Sean Penn interview helped find drug lord
Top officials in the party of President Enrique Pena Nieto also floated the idea of extradition, which they had flatly ruled out before Guzman’s embarrassing escape from Mexico’s top maximum security prison on July 11 – his second from a Mexican prison.
On Sunday, Interpol served two extradition warrants, the Mexican attorney general’s office said, kick-starting the latest attempt to have Guzman face USA justice for the hundreds of tonnes of cocaine, methamphetamine and heroin he has exported across the border.
Guzman is charged with smuggling vast amounts of drugs into several USA states.
Guzman, who was named Public Enemy Number One by the Chicago Crime Commission in 2013, has been indicted by at least seven United States federal district courts.
His attorney has vowed to challenge the extradition.
“He shouldn’t be extradited because Mexico has a fair Constitution”, Badillo told reporters outside the Altiplano prison near Mexico City, where Guzman was sent following his arrest. A tank is stationed outside the prison.
Analysts say the government should extradite Guzman instead of taking the risk of losing him again.
To land the interview, Penn says, he rode “on the coattails of El Chapo’s faith in Kate”, the Mexican soap opera star who once played a drug baron and had caught Guzman’s attention.
“That can take weeks or months, and that delays the extradition”, he said on condition of anonymity because he was not authorized to comment.
Rolling Stone touted the interview via Twitter Sunday, posting “Read Sean Penn’s account of his secret visit with El Chapo, before the drug lord’s recapture”.
“It poses a lot of very interesting questions both for him and for others involved in this-so-called interview, so we’ll see what happens on that – I’m not going to get ahead of it”, McDonough told CNN.
Penn secretly interviewed Guzman in October when the fugitive drug kingpin was being hunted by authorities following his jail break in July, according to an article the actor published Saturday in Rolling Stone magazine.
Guzman was recaptured Friday in the city of Los Mochis in his home state of Sinaloa after a shootout that killed five of his associates and wounded one marine.
Attorney General Arely Gomez said on Friday that Guzman had met with unnamed actors and producers to discuss making a biopic about himself and that it was part of a “new line of investigation”.
According to sources, Penn will not face any legal charges over the interview.
There’s a man from right here in New Mexico who has really become the authority on all things “El Chapo”.
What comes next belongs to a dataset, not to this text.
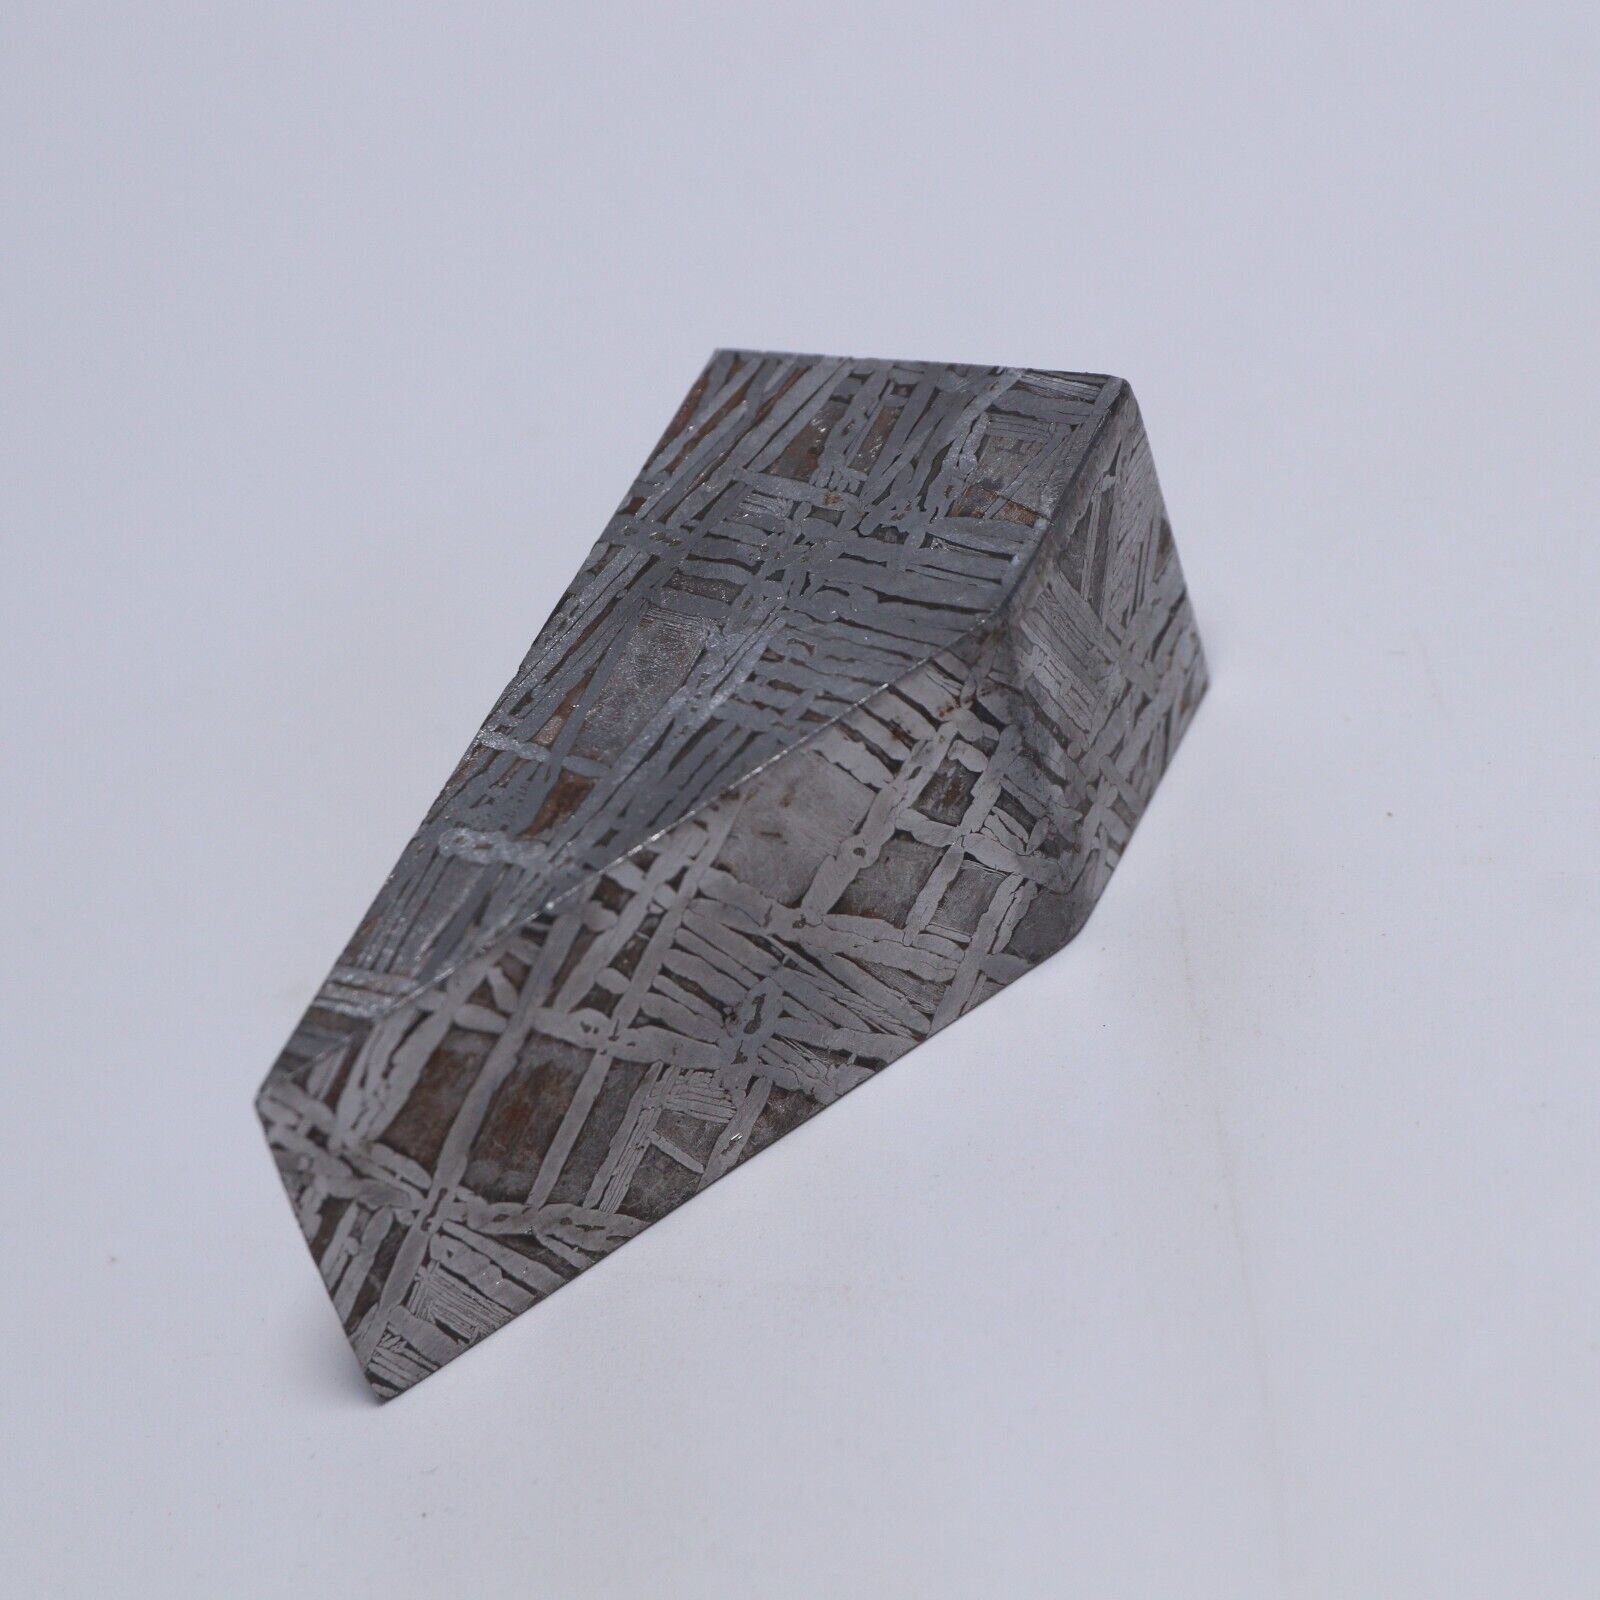 112g Muonionalusta meteorite,Natural meteorite slices,Collectibles,gift N3855

Marco Rubio, one of the Republicans standing for his party’s nomination for the White House, summed up the interview as “grotesque”.
Marty Baron, executive editor of the Washington Post, posted a link to an investigative story on how drug traffickers bully journalists into censorship.
As it turns out, authorities in the area used Sean’s interview to help them refine their search for the cartel boss, so they were better able to track him.